Wind Tower Methodology
Using ANSYS Fluent software, we numerically simulated this model according to computational fluid dynamics (CFD). This problem is independent of time and steady state, and the solution is based on the pressure-based solver.
As we said, natural convection heat transfer also happens in this problem. Natural convection is created based on the buoyancy effect. This means that changes in temperature cause changes in density. Warm air is lighter and less dense and rises upwards.
Therefore, the current system is useful for the exit of hot air. The entry of cool air from the floor of the room and the air suction from the exit panel of the tower helps the exit of hot air.
We do not consider the air density constant to apply the buoyancy effect. The relation between density, pressure, and temperature according to the ideal gas law is used in the incompressible ideal gas model. Note that the density is dependent on the operating pressure and is independent of the local relative pressure. So assuming constant pressure, density becomes a function of temperature.
Wind Tower Conclusion
After the simulation, we obtained 2D and 3D temperature, pressure and velocity contours. We also obtained 2D and 3D velocity vectors.
The temperature contour shows well the cooling process inside the room. Cool air enters the underground channel, and hot air exits from the tower panel.

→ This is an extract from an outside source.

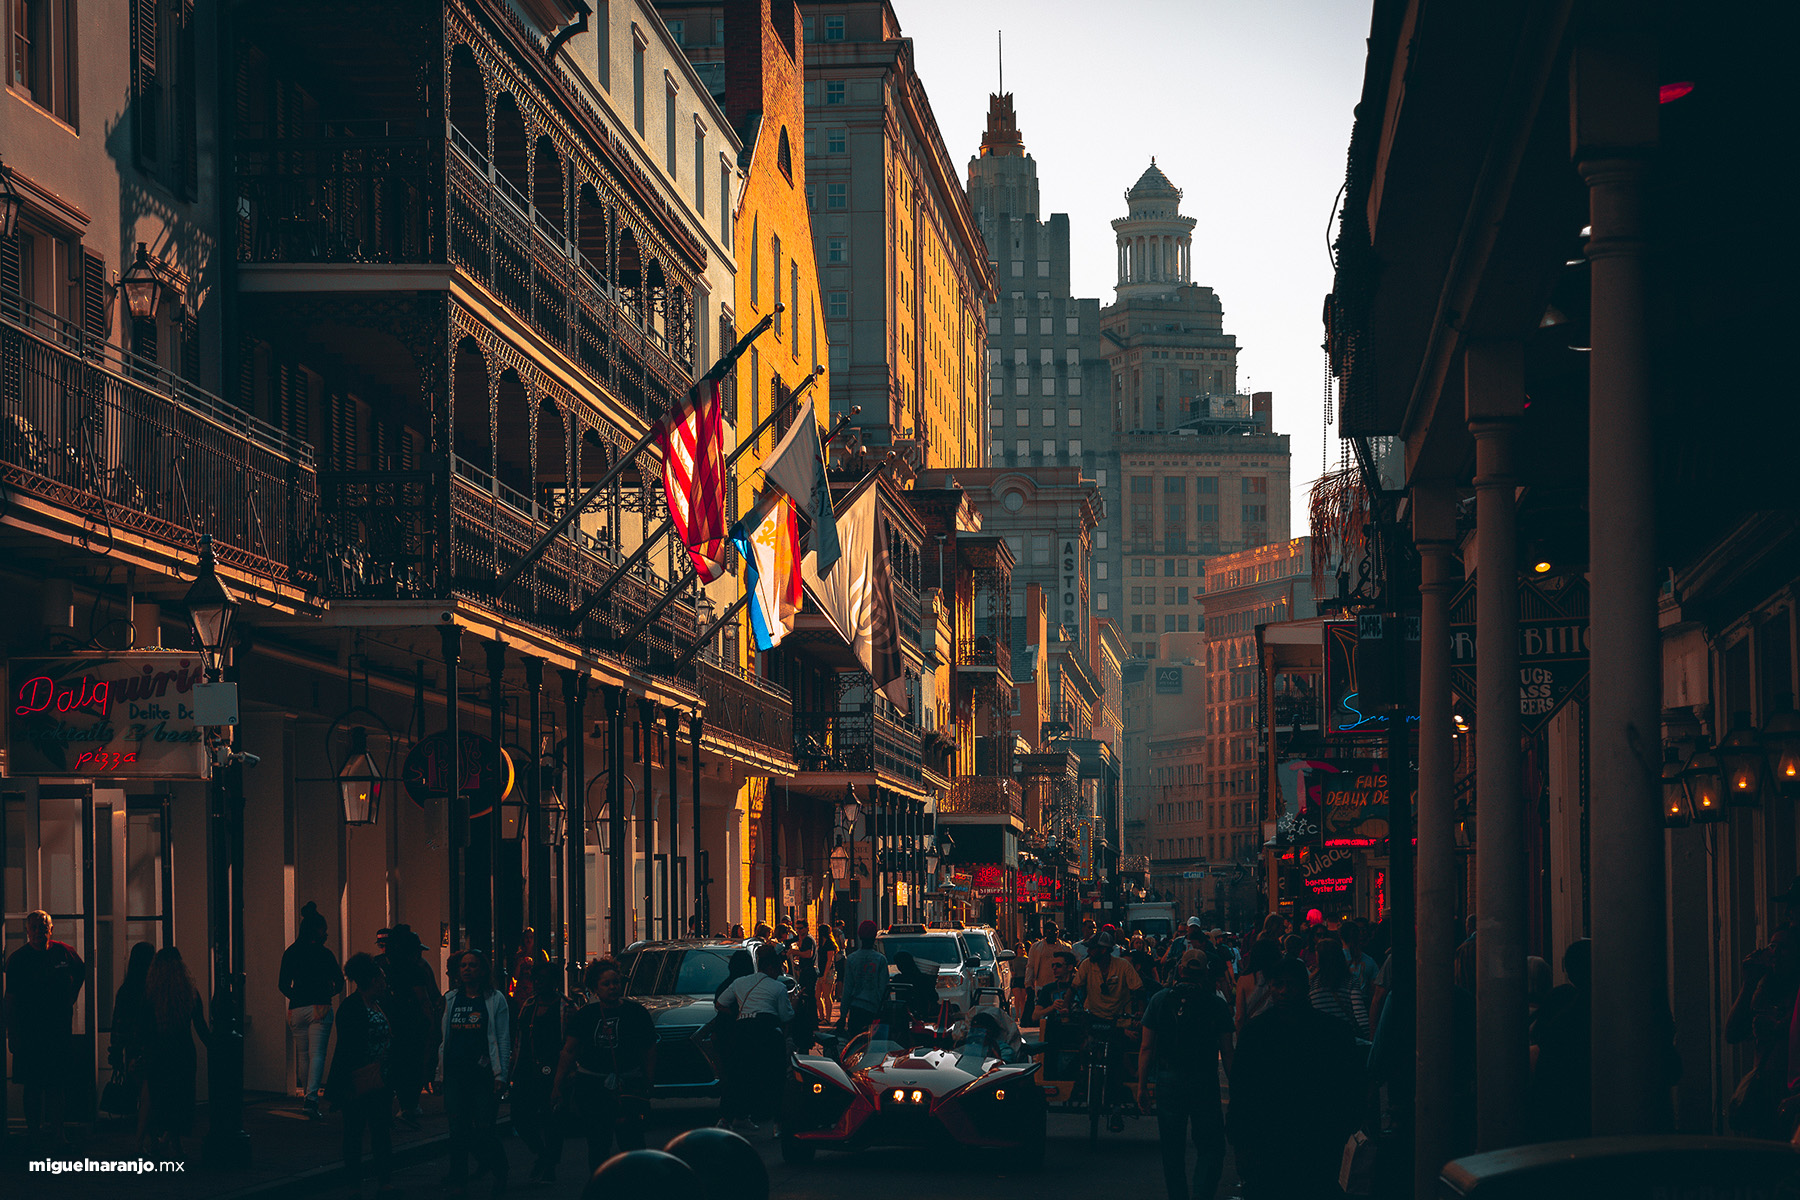 Bourbon Sr, New Orleans

The pressure contour also shows the pressure difference well. The high pressure of the external air and the low pressure inside the room and tower cause hot air to be sucked out.
Velocity vectors show the direction of air movement inside the room and tower well. Cool air enters the room at high speed from the floor, and after full circulation in the room and air conditioning, it leaves through the tower.
So we conclude that we perform the simulation correctly. The passive ventilation system of the wind tower and qanat perform the air conditioning operation correctly.